Looking out of my window, enjoying a beer and maybe a cheeky cigarette (don’t tell mum). I can’t help but think about the fact that I’m over 30, divorced and destined for a life filled with searching and learning as opposed to continuity and certainty.
At my age I should be eating organic food, doing yoga and planning a future, but I’m not. I want to take care of myself and be wise about my life choices, but for some reason it’s just not as interesting as seeing what happens if I don’t focus on all the things I’m “supposed” to.
I guess I’ve realized that we are all just here, just for this time, so we should enjoy every moment of it. I’m not sure exactly why I’m here yet, but I am sure I don’t want to spend time worrying about a future that may or may not happen. I love creating and experiencing, I want to leave behind something that is beyond myself. I say this on a blog that’s all about me, which is ironic to say the least.
Listening to people speak about the atrocities that take place all over the world, to families, children, particularly in Palestine right now. And to those who are in the LGBT community, in countries where they are being persecuted for it, makes me feel small. Makes my problems insignificant and muffles the hype of London.

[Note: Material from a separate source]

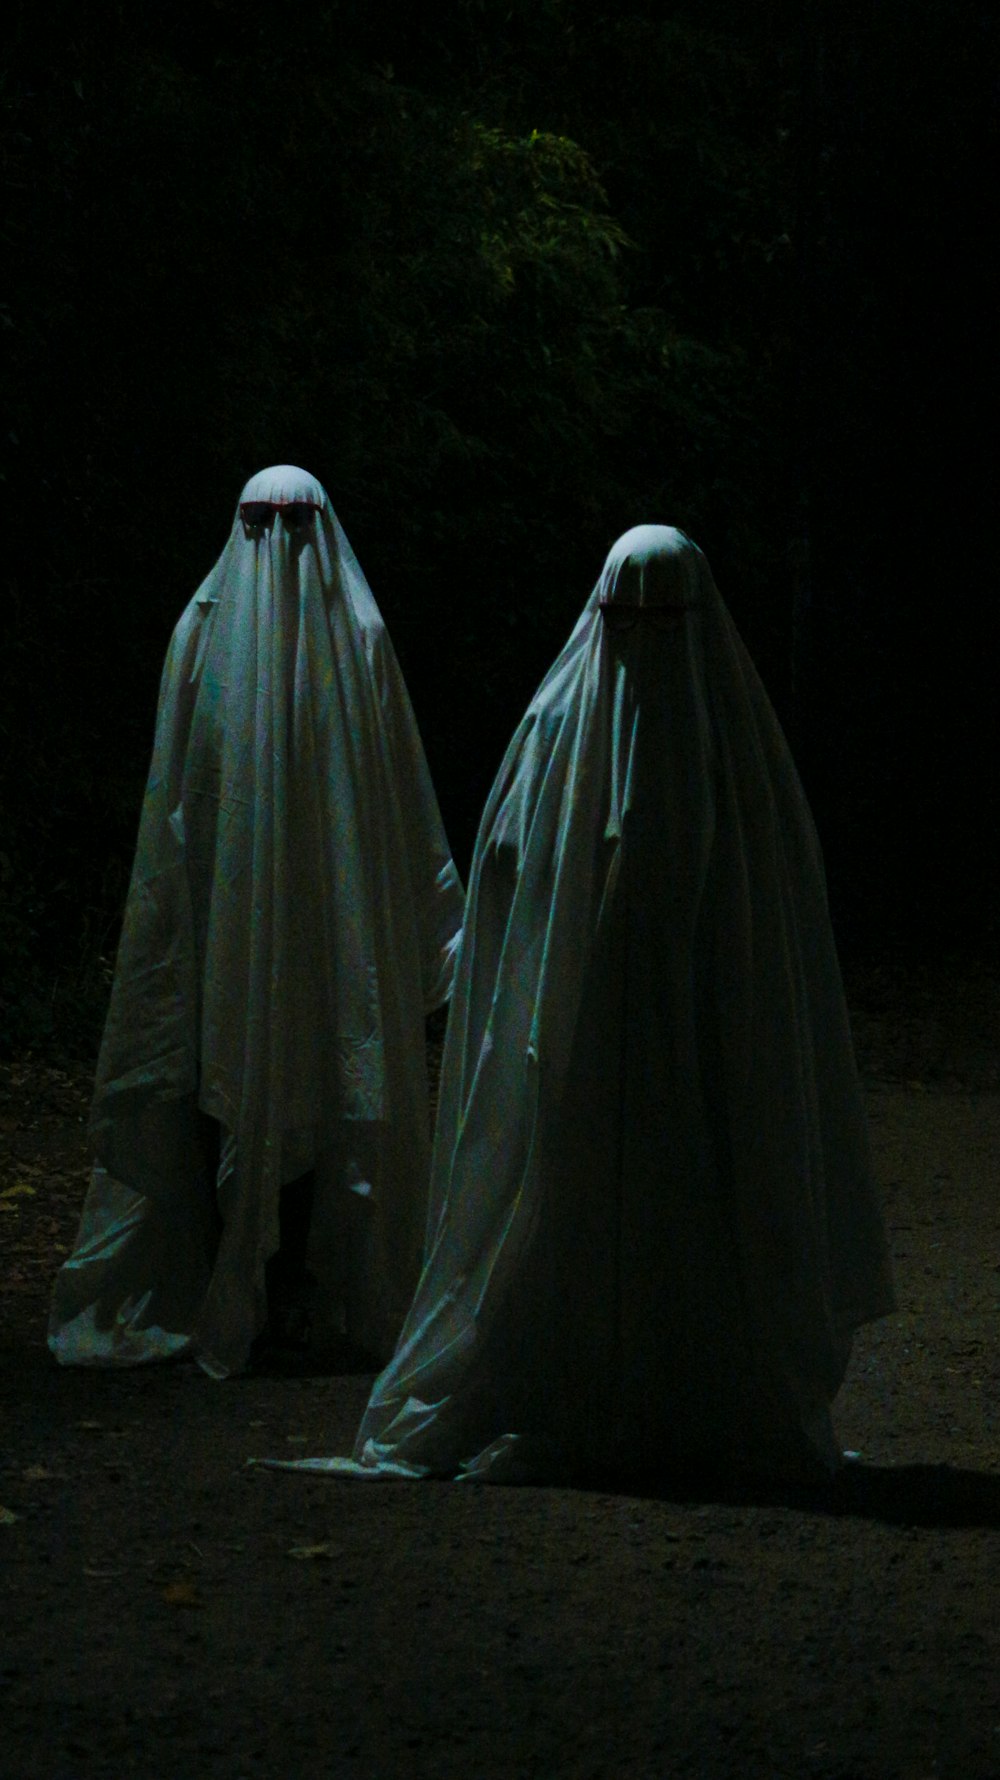 two ghostly people in white cloths walking in the dark

But what can we do about it? Can we really help those suffering in this world? Can we really make change? I suppose in my little way that’s what I’m trying to do with the documentary I’ve made. Because deep down I know that just helping one person is enough. If one person just helped one other person, maybe this world would be a different place.
I can’t help notice that when I focus on creating something to help others, I’m truly happy and everything flows so easily. It’s when I get distracted by success, that’s when I fall by the wayside. Why is ensuring our own personal success so seductive? At times it can feel like the most important thing, but I’m recognising each day how trivial it is.
Sometimes a person will pop up and make me question my decisions and motives. On reflection maybe I should take better care of myself (*puts down beer and cigarette*), I am fortunate to have a healthy body. Today I’m just grateful to be living in a country that affords me the rights every human should have, I’ll leave figuring everything else out to tomorrow.